======== Data extract
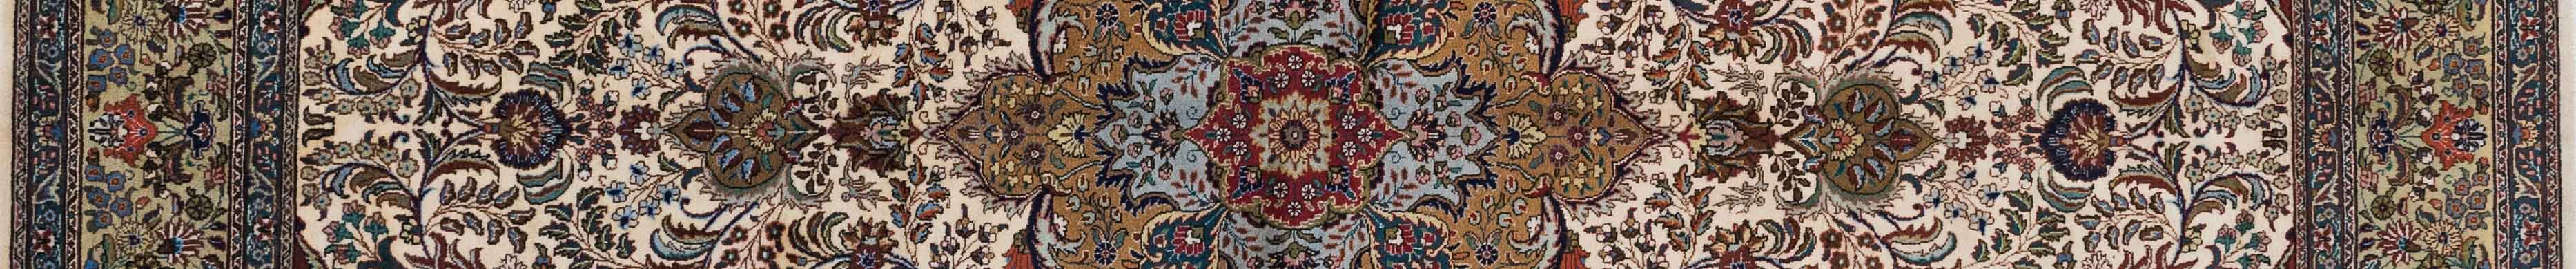 Tabriz Persian Carpet Rug N1Carpet Canada Montreal Tapis Persan 3900
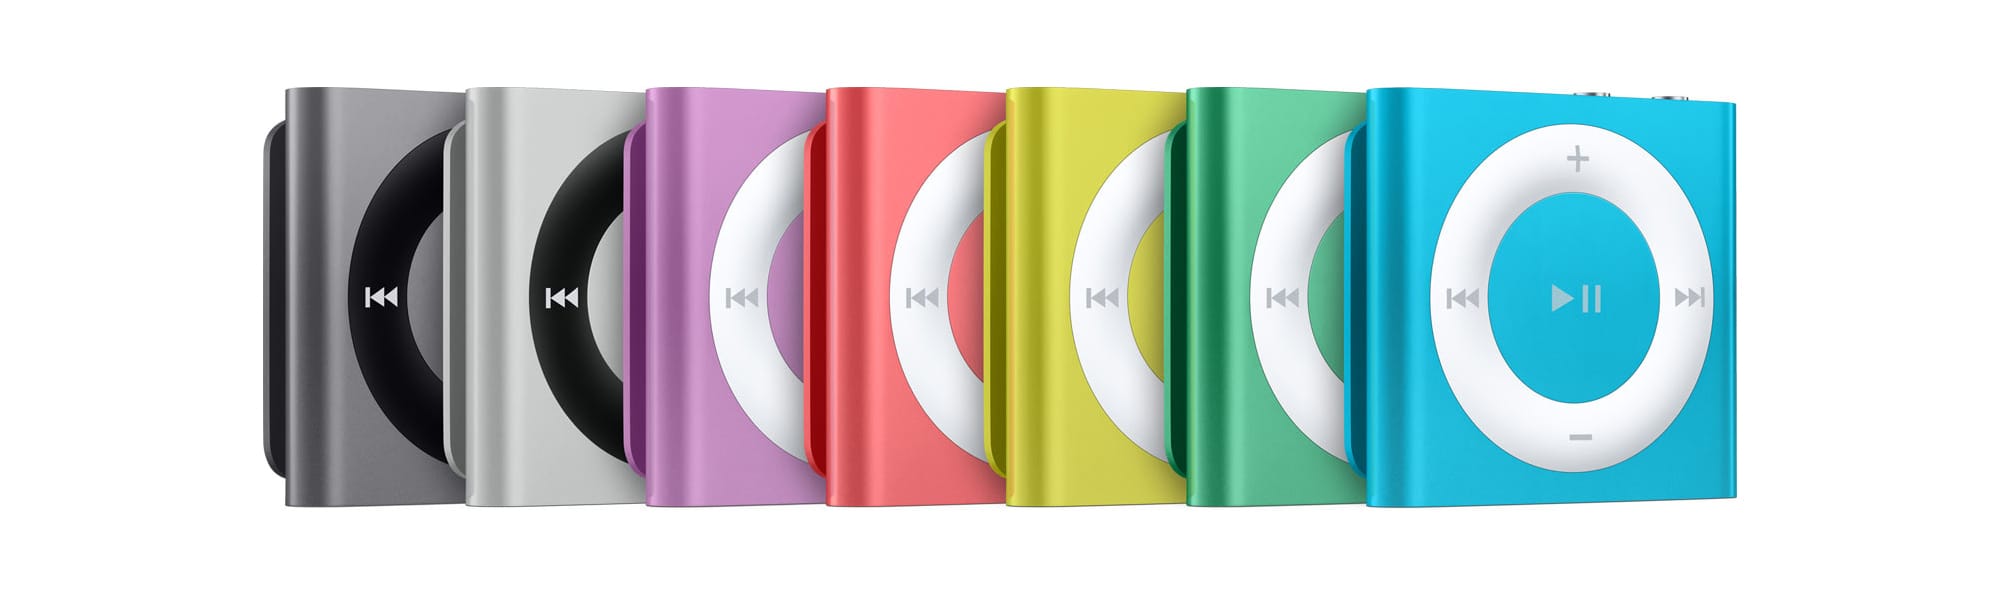 iPod-y nano i shuffle odchodzą do historii
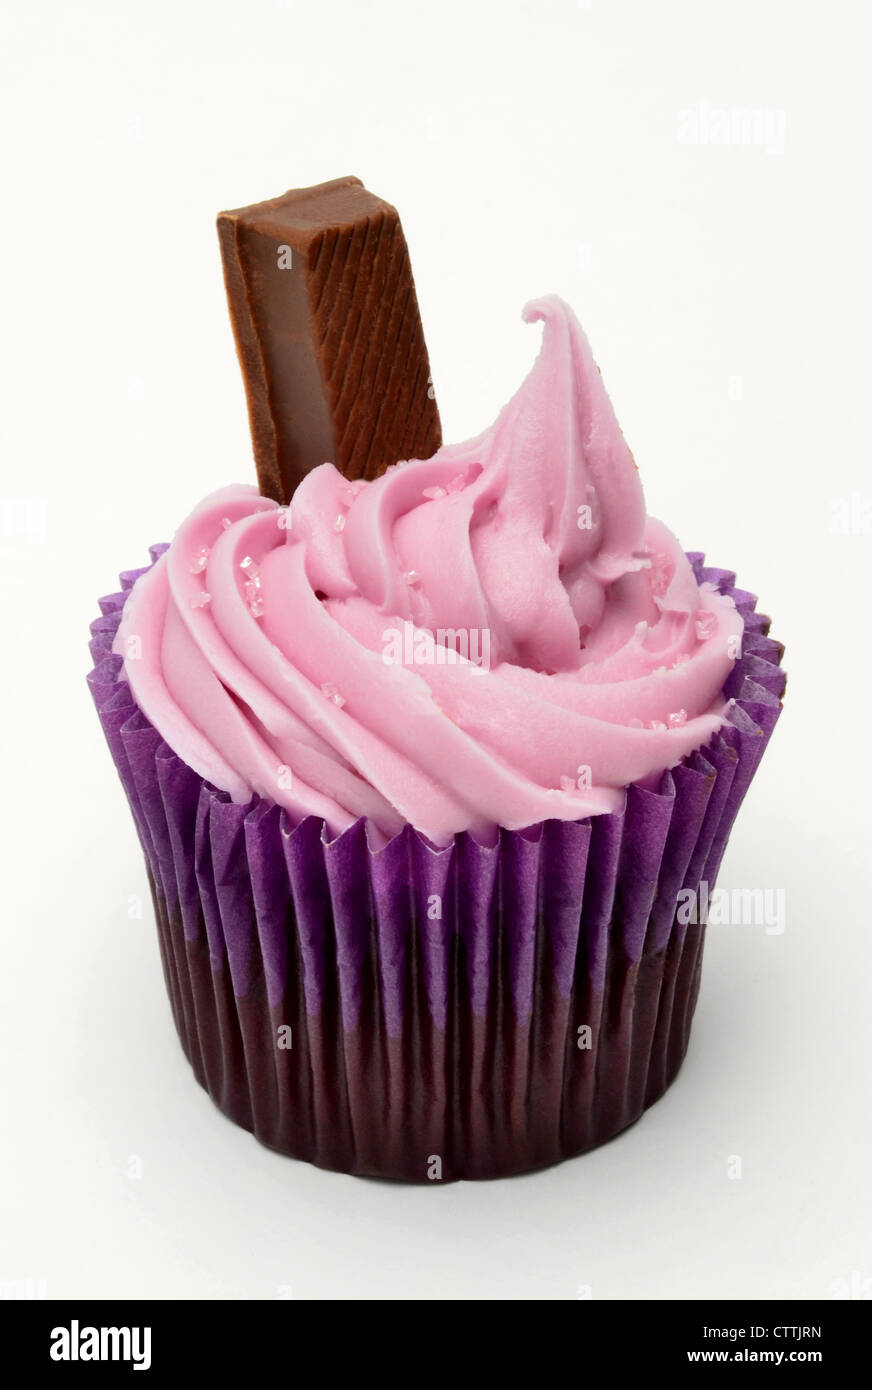 Cupcake con glaseado rosa y chocolate dedo contra un fondo blanco. Foto de stock
================
**What is being asked:**
Here the job is to print all the data exactly, skipping any image.

**Written response:**
 Tabriz Persian Carpet Rug N1Carpet Canada Montreal Tapis Persan 3900
 iPod-y nano i shuffle odchodzą do historii
 Cupcake con glaseado rosa y chocolate dedo contra un fondo blanco. Foto de stock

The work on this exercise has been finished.